> Task objective
What should come back is the data below, word for word, minus any picture.

> Input data
■ ■ ■ ■ ■

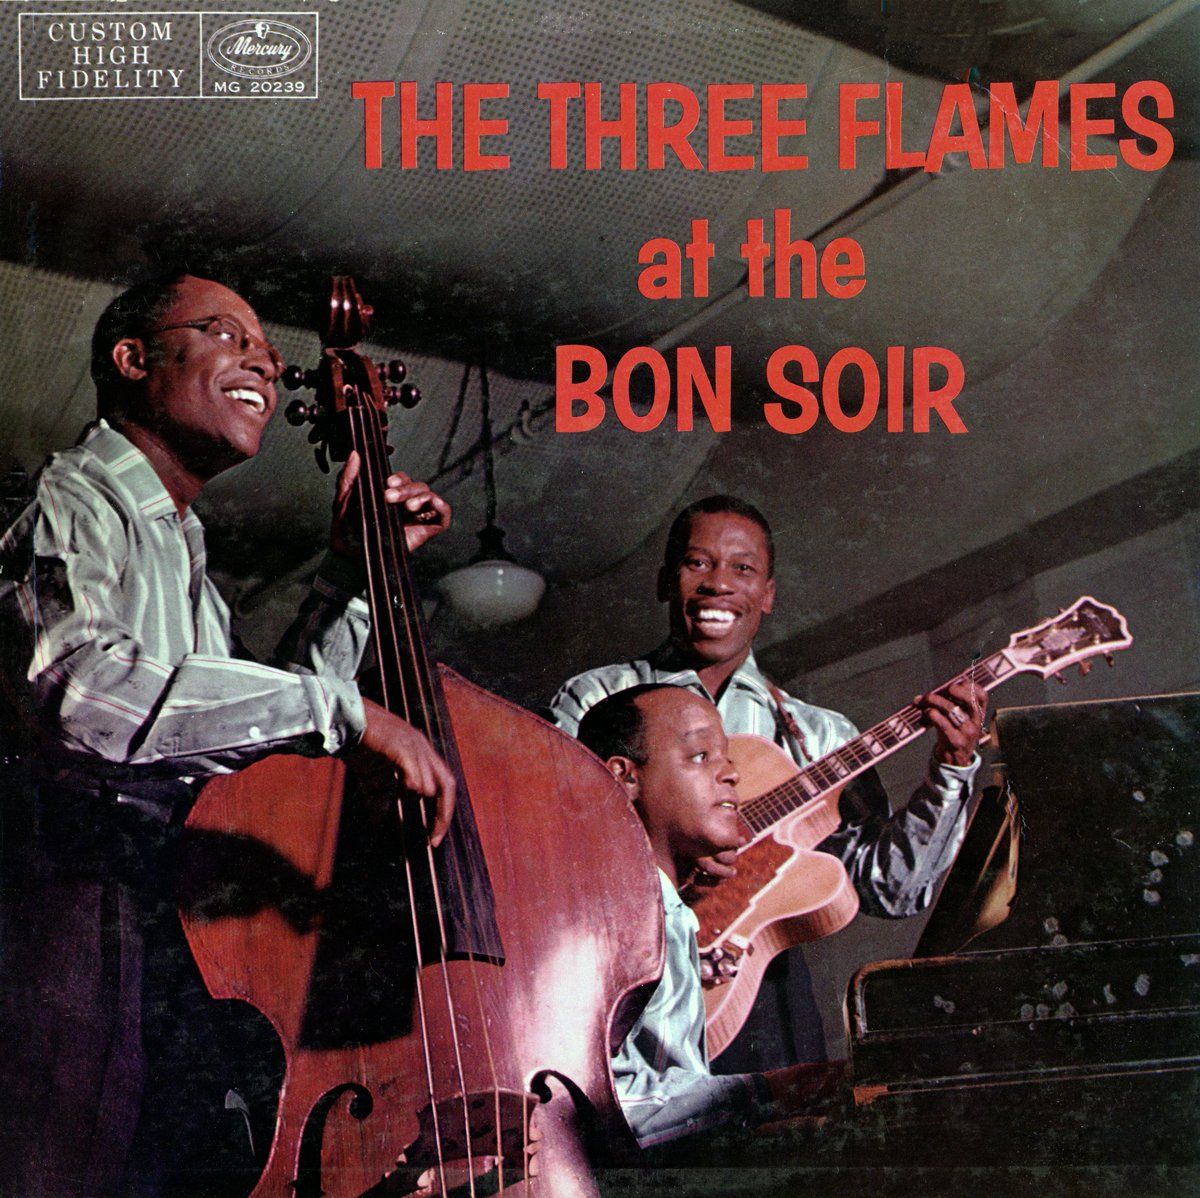 An album cover of The Three Flames at the Bon Soir
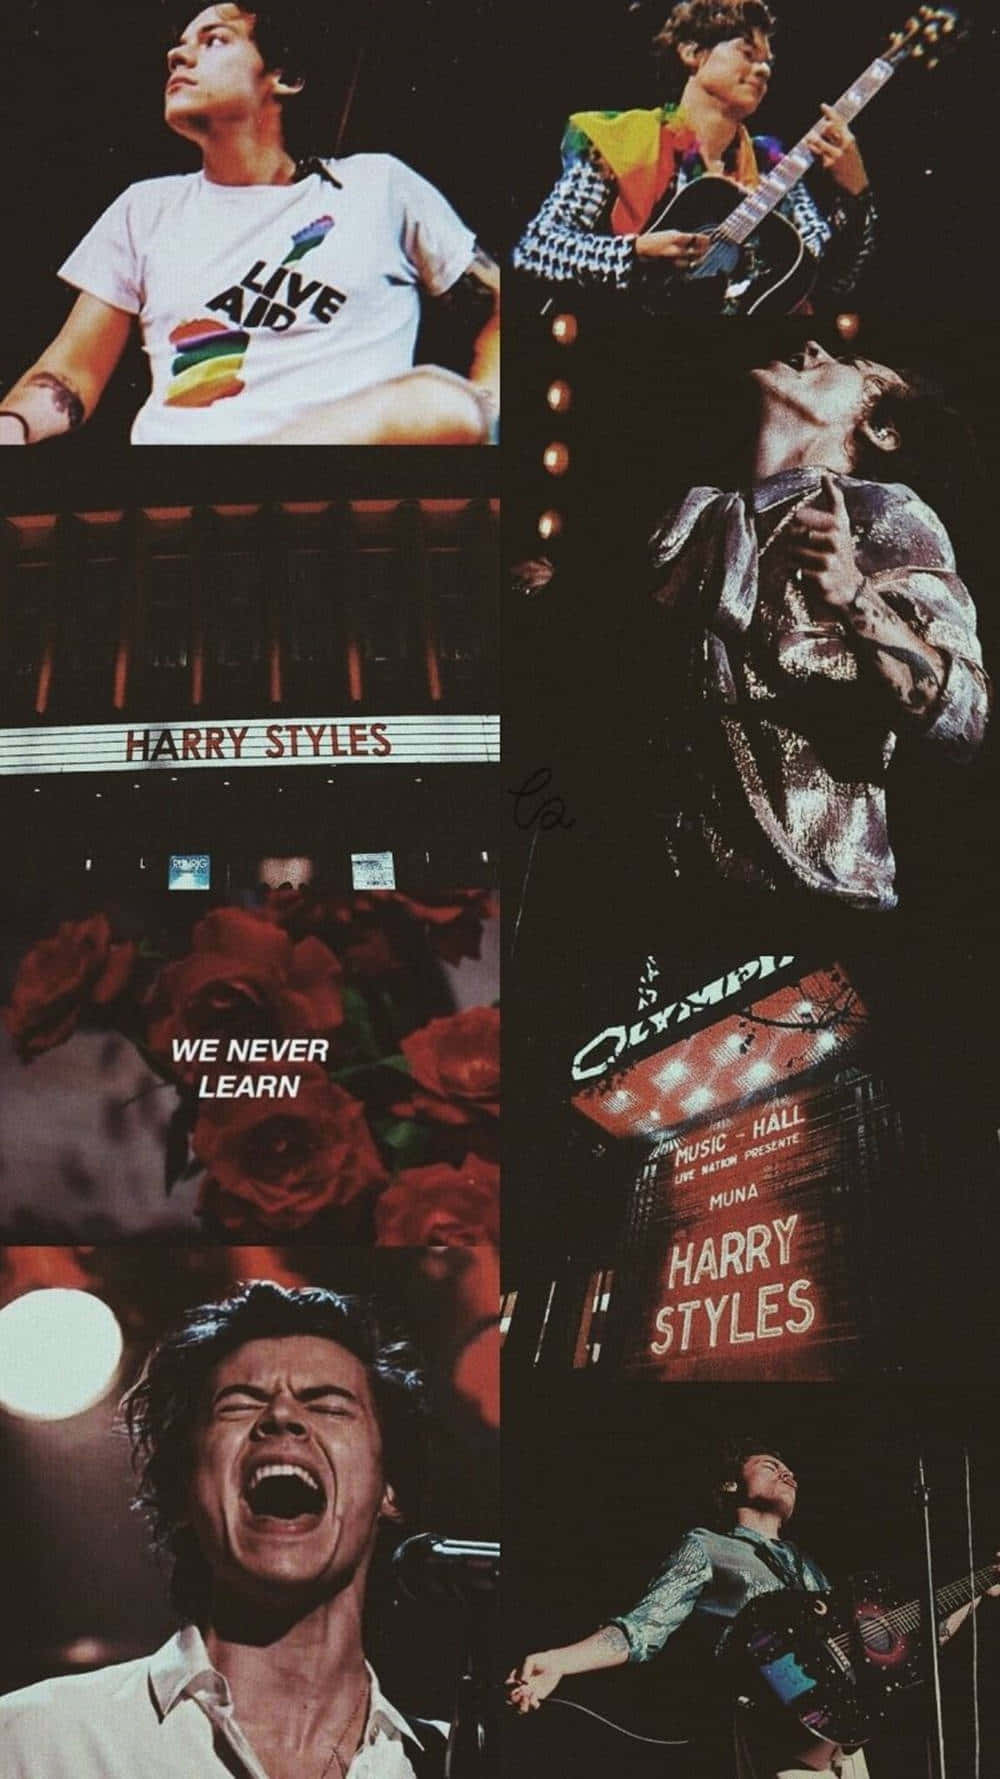 Tauchensie Ein In Die Musik Von Harry Styles In Dieser Atemberaubenden Collage! Wallpaper
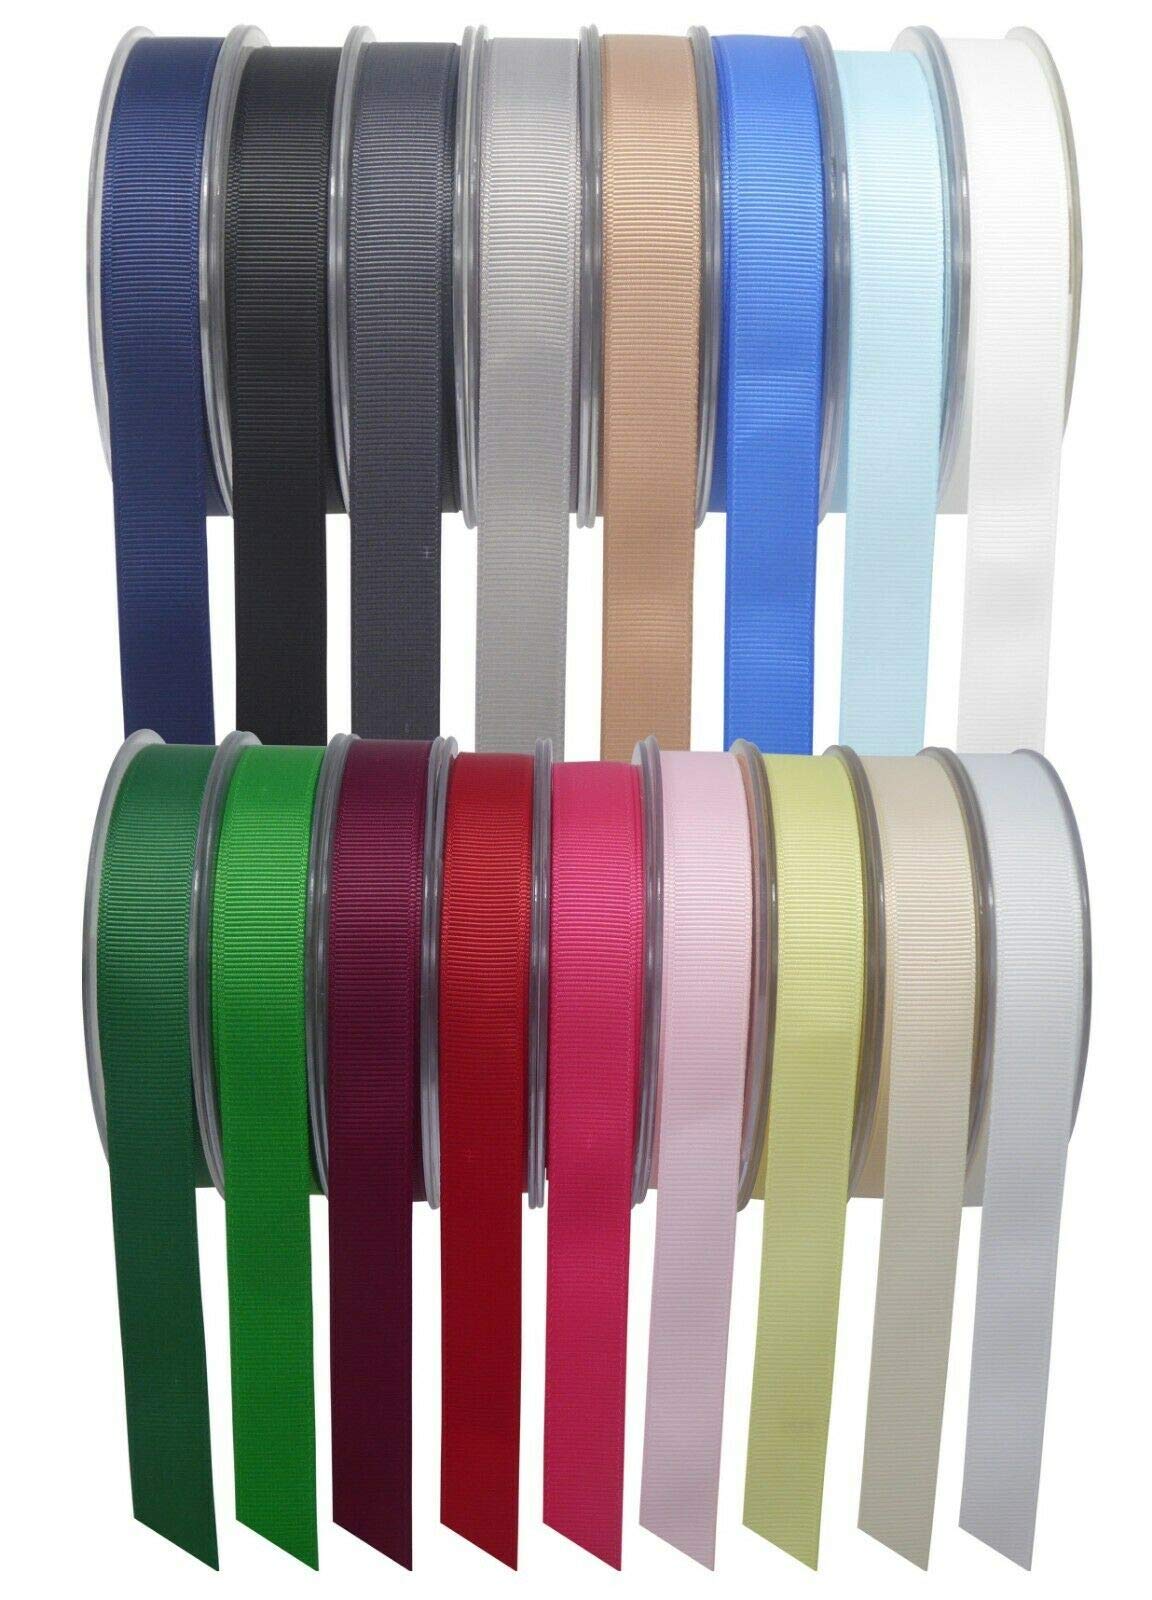 SR SUPER RIBBONS®™ Quality Reels Grosgrain Ribbon, 3mm 6mm 10mm 15mm 25mm & 40mm 20/50 Metre on Hard Plastic Reels (Purple, 6mm x 20m)
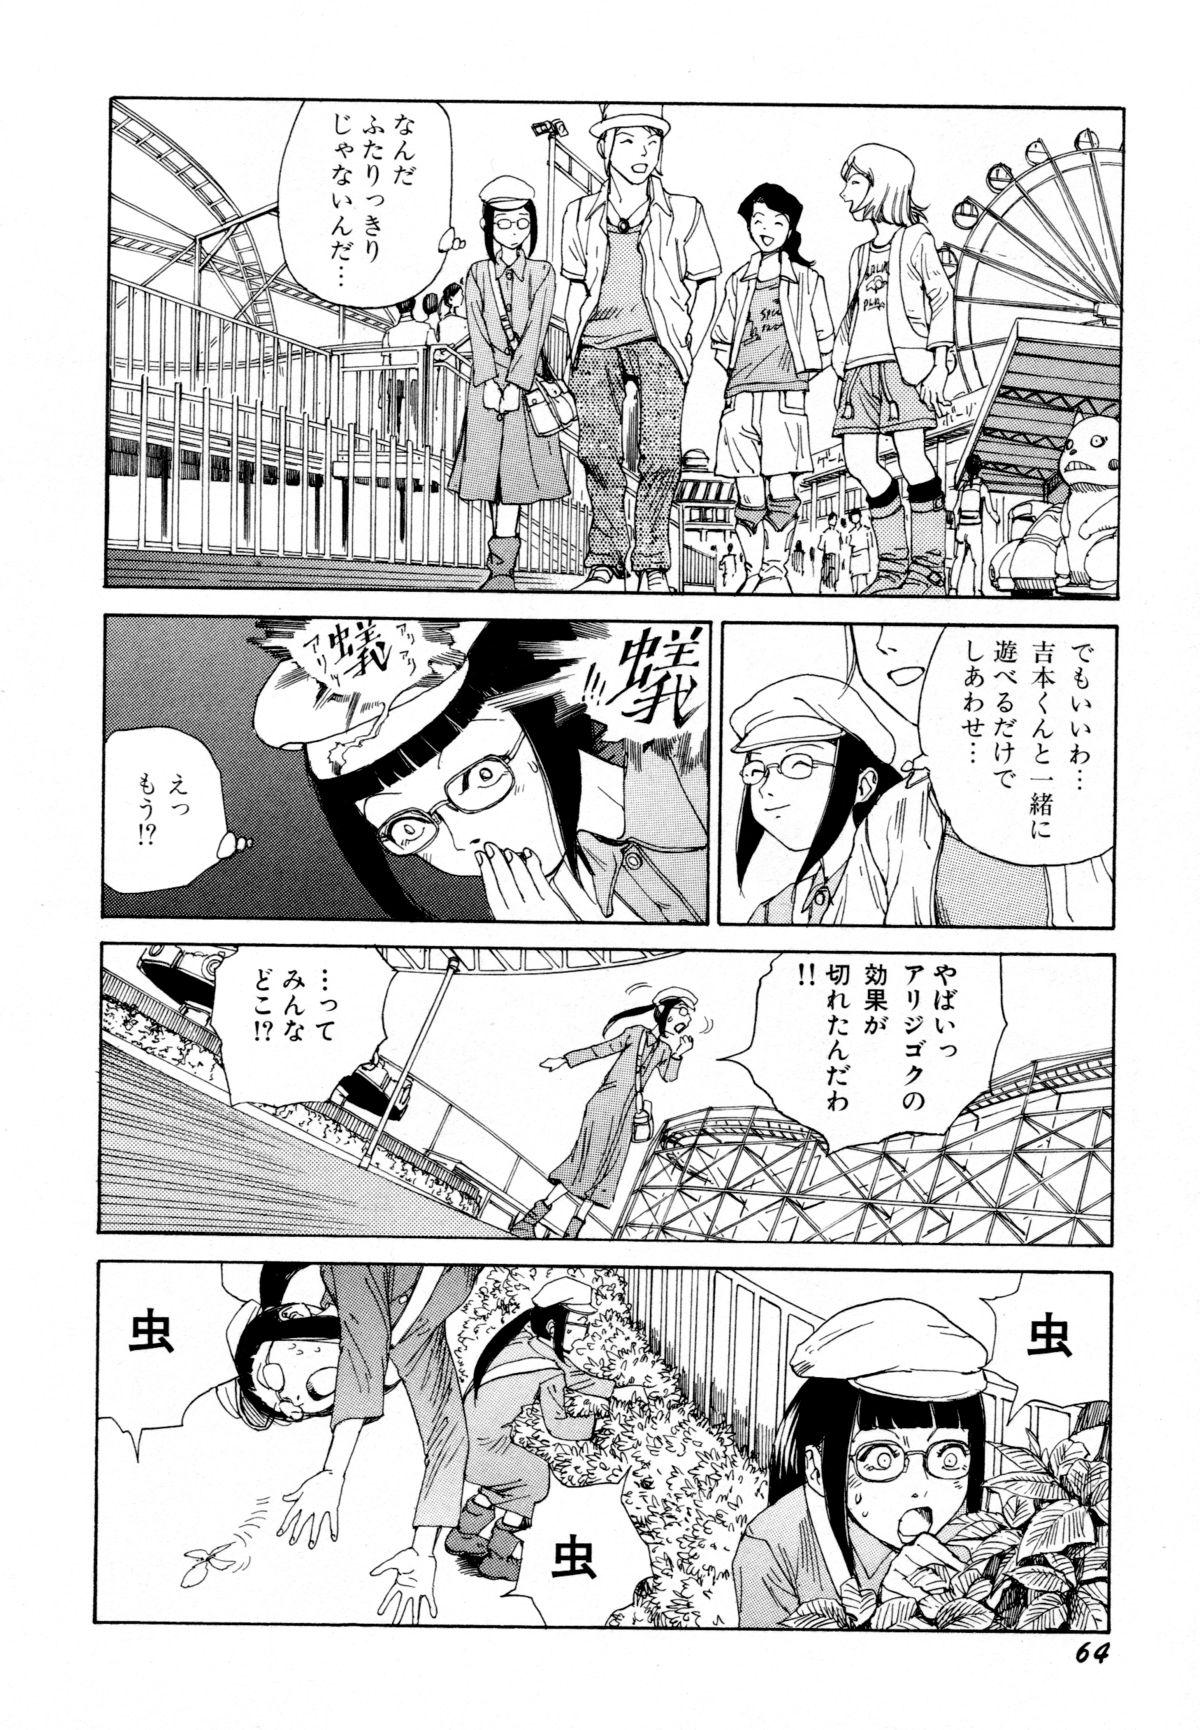 Arijigoku vs Barabara Shoujo - Antlion vs BaraBara Girl 65

■ ■ ■ ■ ■

> Response to this task
 An album cover of The Three Flames at the Bon Soir
 Tauchensie Ein In Die Musik Von Harry Styles In Dieser Atemberaubenden Collage! Wallpaper
 SR SUPER RIBBONS®™ Quality Reels Grosgrain Ribbon, 3mm 6mm 10mm 15mm 25mm & 40mm 20/50 Metre on Hard Plastic Reels (Purple, 6mm x 20m)
 Arijigoku vs Barabara Shoujo - Antlion vs BaraBara Girl 65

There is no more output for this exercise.